It was what he called any branch of the senior service that wasn’t ONI. “So how about all those yappy shipyard workers and technicians, then?” she asked.

“There’s not much yapping they can do when they’ve been permanently deployed in the Oort Cloud with full comms lockdown for the past few years,” BB said. “Would you like to see the schematics?”

He flashed up the deck-by-deck blueprint on the screen to her left. She rested her elbows on the console and leaned forward, lips slowly parting as the full wonder of
Infinity
began to sink in.

“Ooh.” She hovered on the edge of a smile. “And all that wonderful kit that Halsey’s found.” Then the smile iced over again. “Is that really why she went to Onyx, then? Did we misjudge her?”

“Oh, good grief, no. She really didn’t know anything about
Infinity,
believe me. She would only have tried to take over the project. No, the crazy hijacker act was just that. Crazy. Not a cover for anything.”

Osman’s gaze went back to the blueprints again. “Who’s going to have command?”

“Andrew Del Rio’s been driving her for a few years. It’s not easy to find competent commanders who can drop off the grid unnoticed for that long. And we’ve had some Spartan-Fours out there for a while too. But with the slipspace navigation refinement, I think
Infinity
’s going to be ready for trials a lot sooner than planned.”

“I don’t suppose I get to do any working-up in her.”

“You’re the heir to the ONI throne, my dear. I imagine you can do anything you like when the time comes. We might even get you on a Thursday war.”

“Just tell me Hogarth isn’t going to pip me at the post now my back’s turned.”

BB coughed. “I
am
your back. I have contingency plans to make sure that doesn’t happen in the event that the Admiral’s wishes aren’t immediately honored.”

“Bless you, BB.”

“Bless the Admiral, Captain.”

BB left Osman to pore over the blueprints. If he’d had physical hands, he’d have brought her a nice strong coffee so she could fully enjoy browsing through the fine detail of the ship. Where other women read magazines, Osman liked nothing better than to while away the time with a dense pile of data. There was still a lot of the Spartan in her. BB sometimes wondered what kind of operational Spartan she would have made, just the averagely terrifying kind or a full-blown angel of death.

He turned his attention back to the dropship, where Phillips was landing at the Arbiter’s keep in Vadam. If Phillips had had a neural implant, BB would have known exactly how nervous he was. But in the absence of monitoring hormone levels, he could still make an educated guess from the pitch of Phillips’s voice and the physical pounding of his heart. There was a lot BB could glean from riding a comms unit in contact with the man’s chest. Phillips had had the sense to leave the unit clipped to his jacket pocket—conspicuous, so that the Sangheili wouldn’t think he was doing any covert recording—and that also gave BB a good view of the environment.

Almost like being there, as Mal would say.
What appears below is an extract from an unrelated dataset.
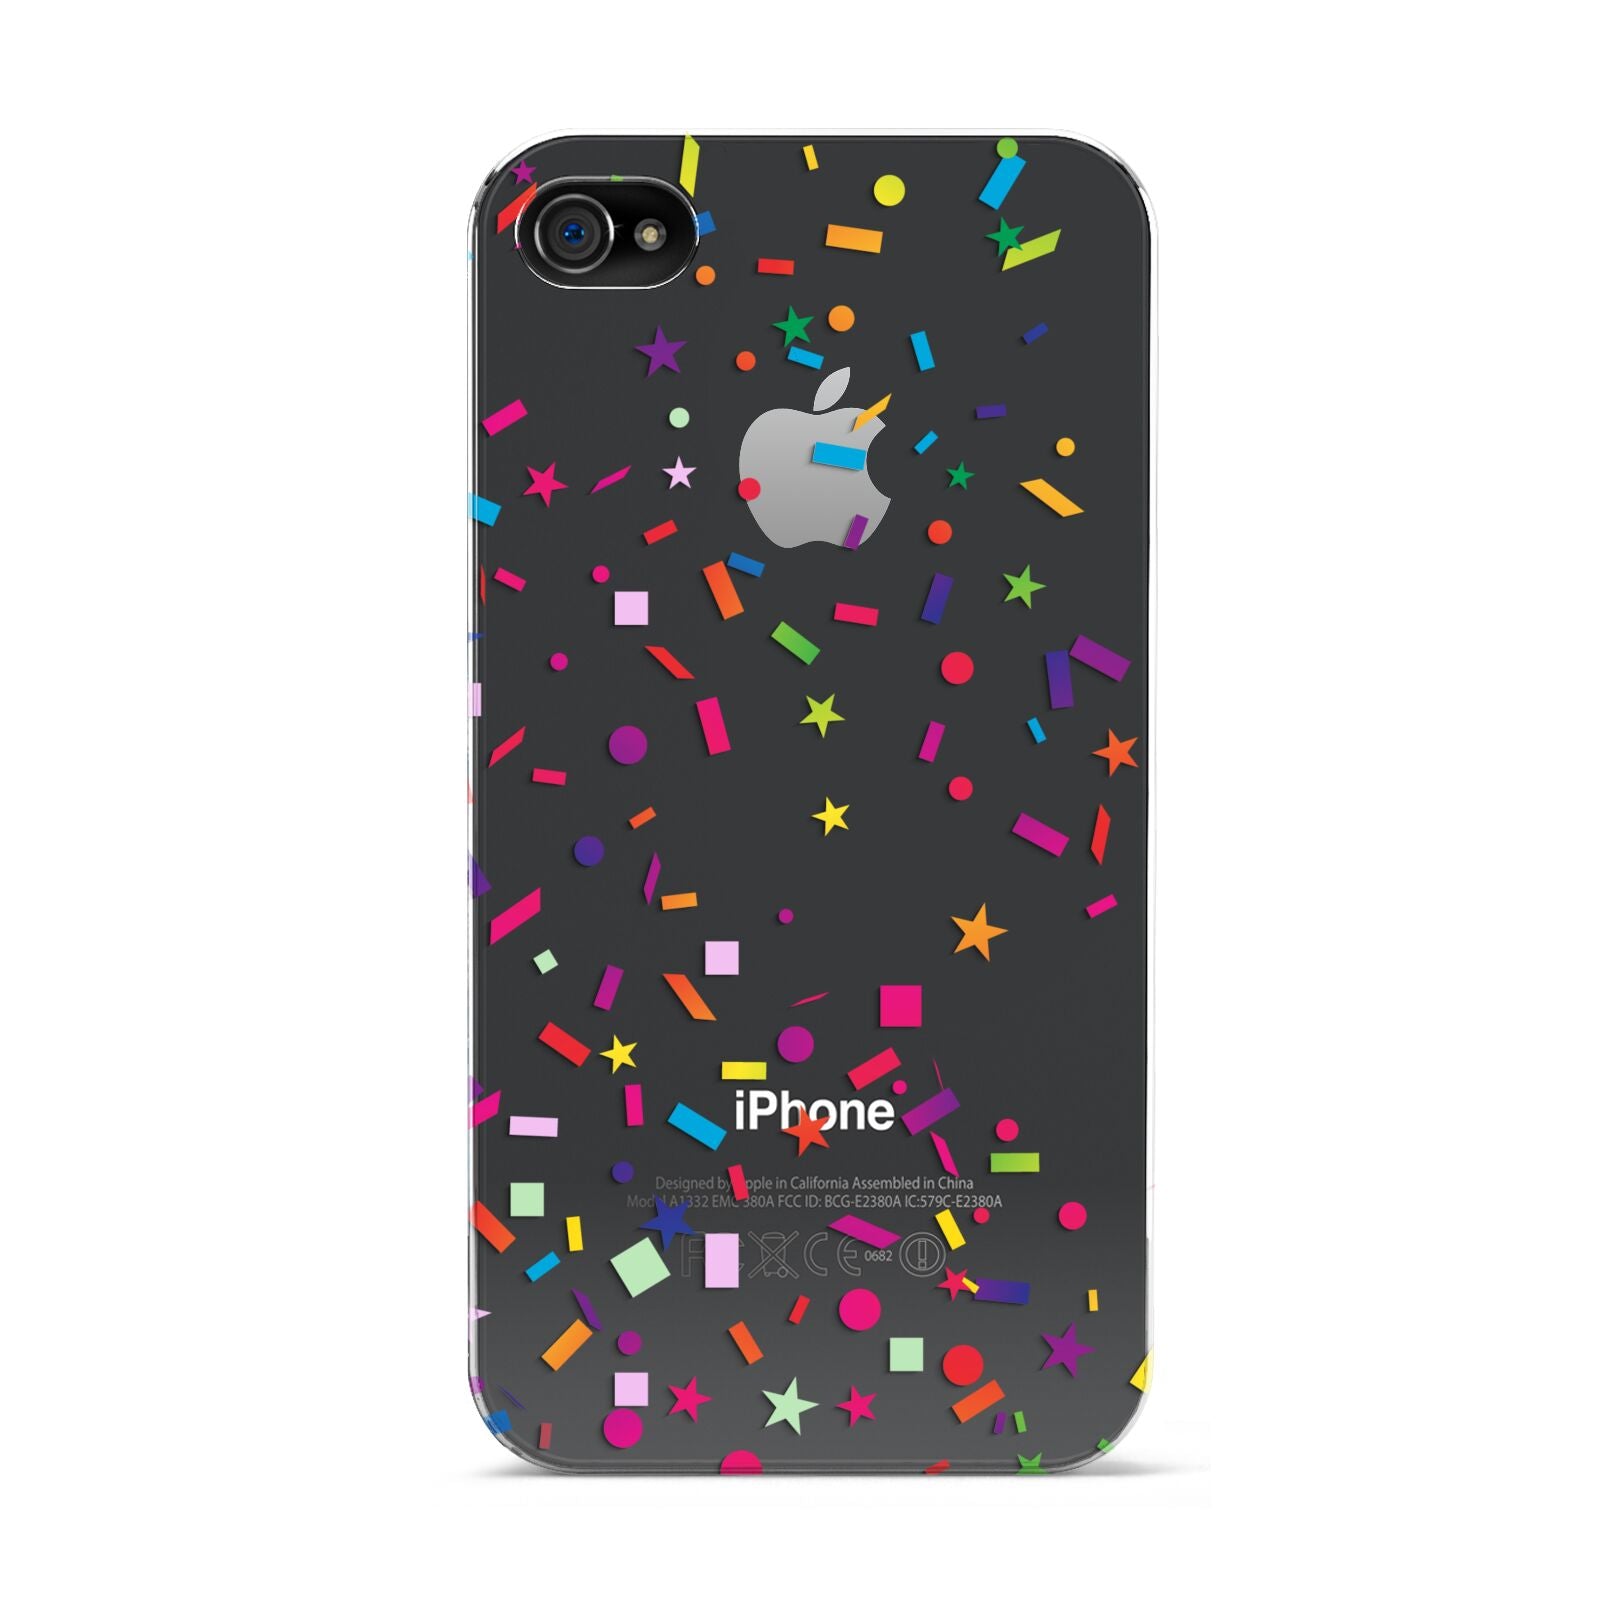 Confetti Apple iPhone 4s Case

Actually, I
am
there.

Phillips walked down a long, highly polished corridor toward huge double doors at the far end, then stopped for a moment to look back at Devereaux. She was silhouetted by the light, waiting at the open door to the landing pad, and gave him a quick wave before turning and heading back to the dropship. The outer doors closed.

Phillips was on his own now. When he walked through the imposing entrance, it wasn’t the Arbiter who came to meet him but one of his staff, a particularly huge Sangheili festooned with weapons. Phillips did seem to understand them even better than BB had realized. He knew how to appear so harmless and curious that it was probably an affront to their masculinity to harm him. He was a child to them.
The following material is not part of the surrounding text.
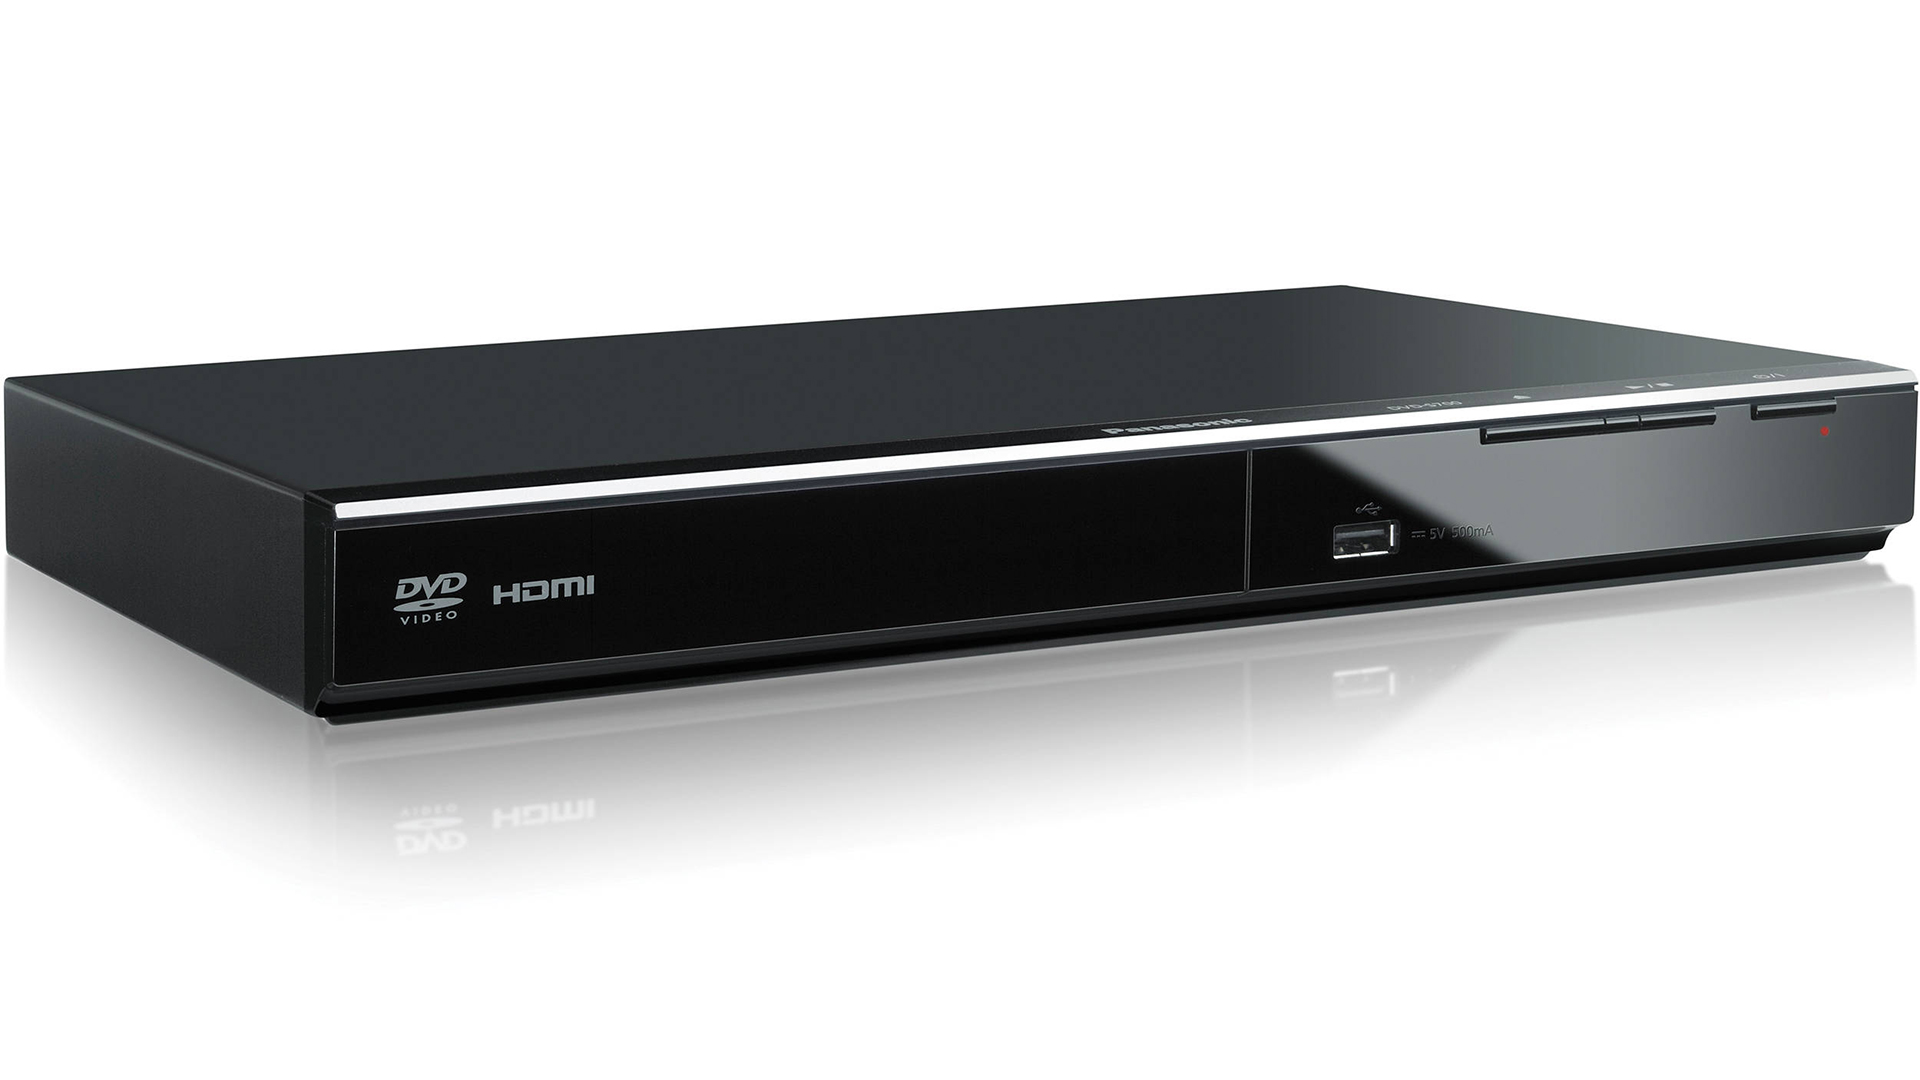 Panasonic Dvd S700 Dvd Player Review Top Ten Reviews

“I’m very grateful for the opportunity to visit Sanghelios,” he said. BB could tell from the involuntary compression of the hinge-head’s jaws that he wasn’t expecting a human to speak so fluently to him in his own language. “Thank you for your hospitality.”

There was just the tiniest hint of sly humor in that, but the Sangheili didn’t spot it. Phillips followed him across the vast hall that was proof of that Sangheili taste for big, echoing, empty rooms. There wasn’t a comfy chair in sight. Poor old Phillips was going to be glad to get back to
Port Stanley,
whatever enthusiastic noises he made about unprecedented access. They wound through a maze of passages until the Sangheili stopped and flung open a door.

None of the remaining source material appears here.